Мы радовались, что лето кончилось. Летние вечера в Байрете действовали нам на нервы. Тюрьма находилась сравнительно далеко от города. Через зарешеченные окна нам были видны мирные дома, выкрашенные в яркие цвета. Ни одной воздушной тревоги. Никаких признаков волнения или страха у людей на улицах. Казалось, никакой войны нет и в помине. В вечерней тишине слышались звуки популярной музыки, передаваемой по радио, раздавались беззаботные голоса игравших мальчишек и девчонок. Каждый вечер мы слышали, как нежный детский голосок звал «мутти» – мамочку. И хотя мы считали немецкий самым варварским и грубым языком из всех существующих, ни в одном из них слово «мамочка» не звучало так трогательно, как в немецком. В летние вечера мы тосковали по дому. Они тянулись бесконечно долго, пока огненно-красный диск солнца не скрывался за гребнями холмов. В такие вечера мы обычно молчали. Мы мечтали о доме.

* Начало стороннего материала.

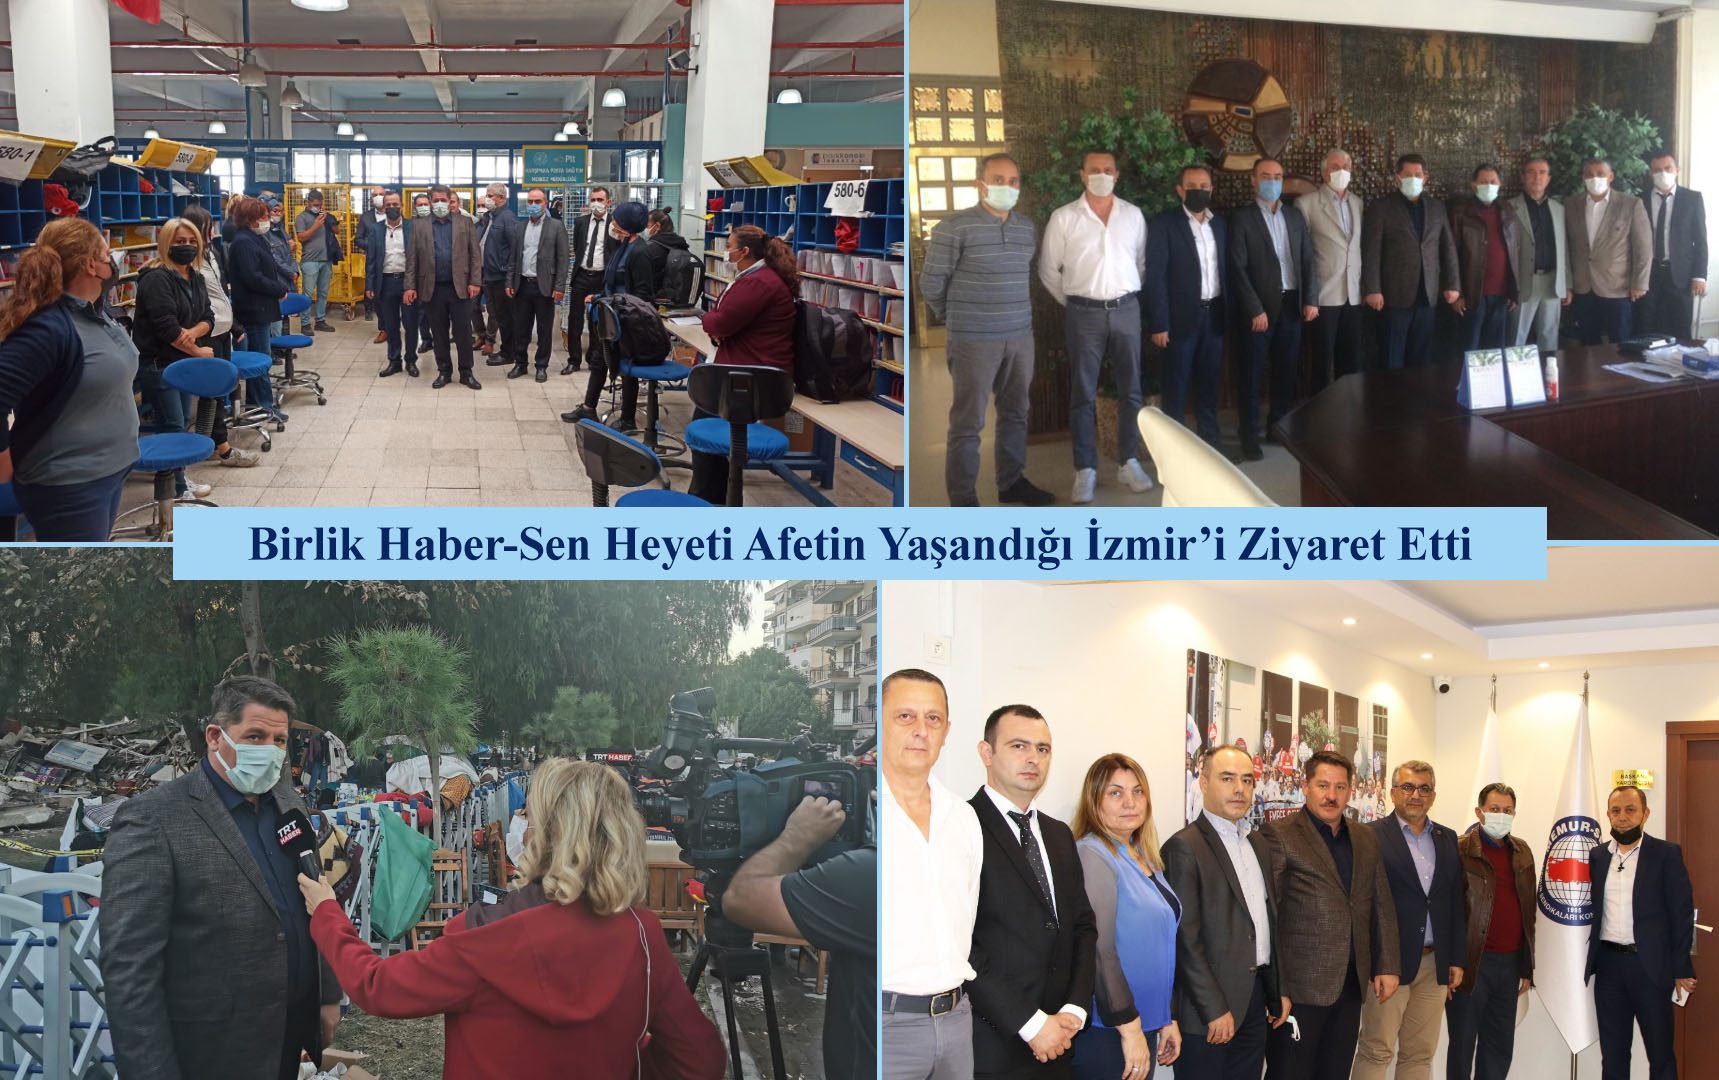 Birlik Haber-Sen Heyeti Afetin Yaşandığı İzmir’i Ziyaret Etti

В такие вечера Франс был неподходящим соседом. Мне нужен был собеседник, с которым можно было пошутить, рассказать грубоватый анекдот о мофах и фюрере. Или поделиться планами страшной мести.
В конце лета работа в сапожной мастерской остановилась. Странно – ведь убитых немцев становилось все больше, и на полях сражений, наверное, оставалось больше ботинок. Но, очевидно, немцы теперь так быстро удирали, что не успевали снимать ботинки с убитых солдат.

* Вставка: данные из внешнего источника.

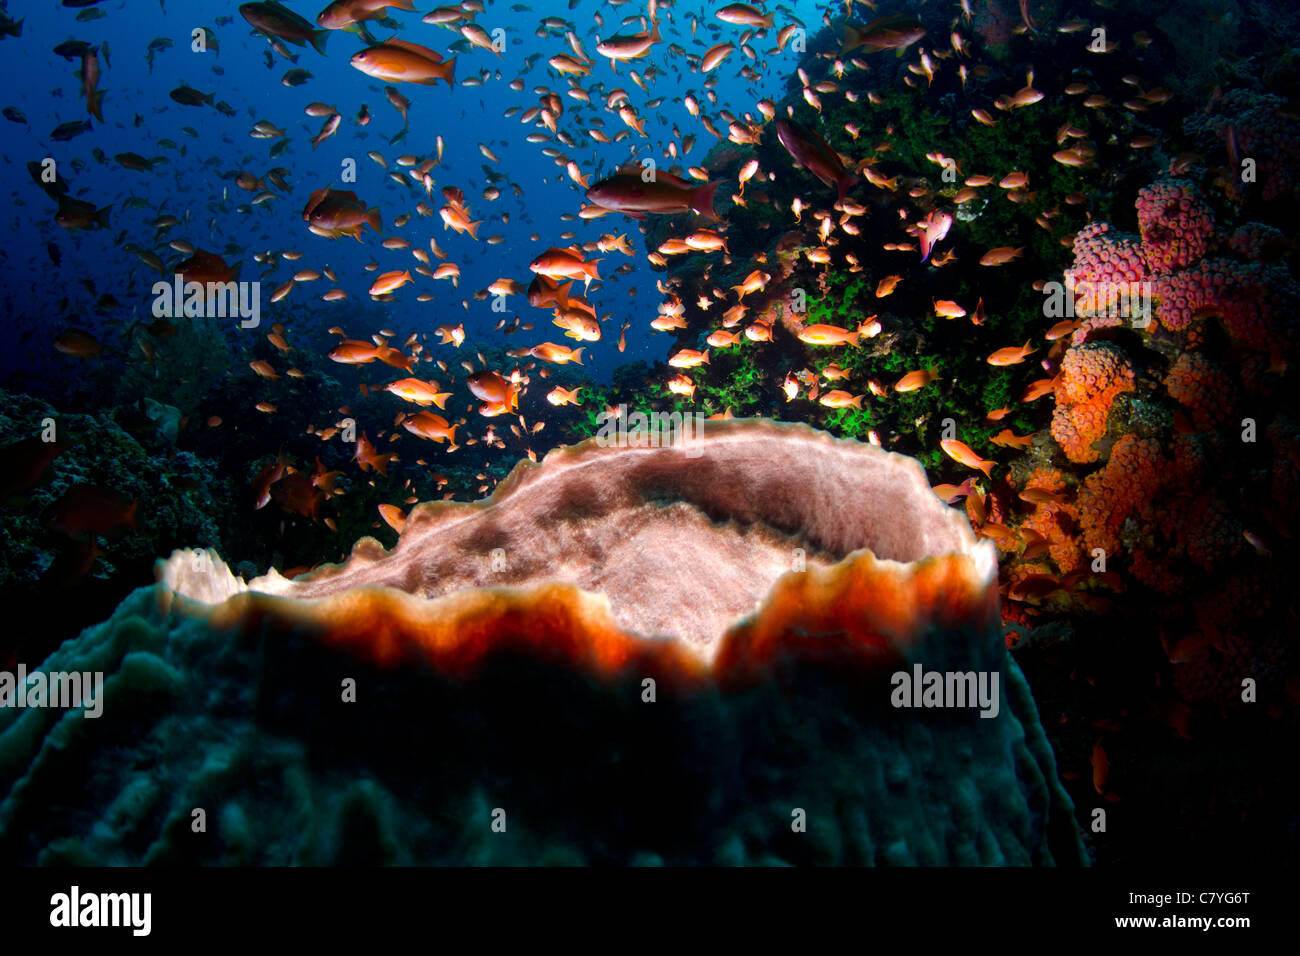 Filippine Coral reef subacquea, Anilao, Coral reef, reef tropicali, canna, spugna, scuba diving, oceano mare, acqua azzurra, pesce Foto Stock

Теперь нам стали приносить обмундирование. Прямо в камеры. Мятую, рваную одежду, часто выпачканную кровью. Бритвенными лезвиями мы распарывали ее по швам и сортировали хорошие и плохие куски. Отходов получалось, естественно, значительно больше, чем годного материала. Скорее всего, эта работа имела целью просто занять нас. Никто нас не контролировал, и охранники были довольны, видя, что груда одежды, брошенная нам утром в камеру, к вечеру превращалась в гору лоскутов. Только потом я задумался над тем, каковы должны быть потери немцев, если в каждую камеру ежедневно приносили кучу одежды, снятой с убитых.
Из пошивочной мастерской, которая пока еще действовала, стали исчезать иголки и нитки. Заключенные передавали их друг другу на прогулке. Мы стали шить себе немецкую форму. Получалось плохо, так как на куртках, которые нам приносили, не было пуговиц, а с брюк снимали пояса. Военные знаки различия были спороты. И все же мы кое-как мастерили форму и прятали ее в тюфяках – на случай, если представится возможность бежать.
О побегах, разумеется, говорили много.
Из сапожной мастерской каждый старался захватить в камеру куски кожи. По вечерам, закончив распарывать одежду, приступали к обработке кожи. Мы учились друг у друга мастерить брючные ремни, портсигары, бумажники. Инструменты имелись в каждой камере.
Работать приходилось только по вечерам. Из-за «Ключника».
Ключником прозвали самого старого из «зеленых». Он дежурил только ночью. Днем в тюрьме было шумно, и охранник мог в любой момент незаметно открыть глазок двери и заглянуть в камеру. К тому времени, когда Ключник являлся на работу, в тюрьме уже устанавливалась тишина, но тогда заниматься шитьем было еще опаснее, так как некоторые охранники владели искусством ходить по коридорам без шума.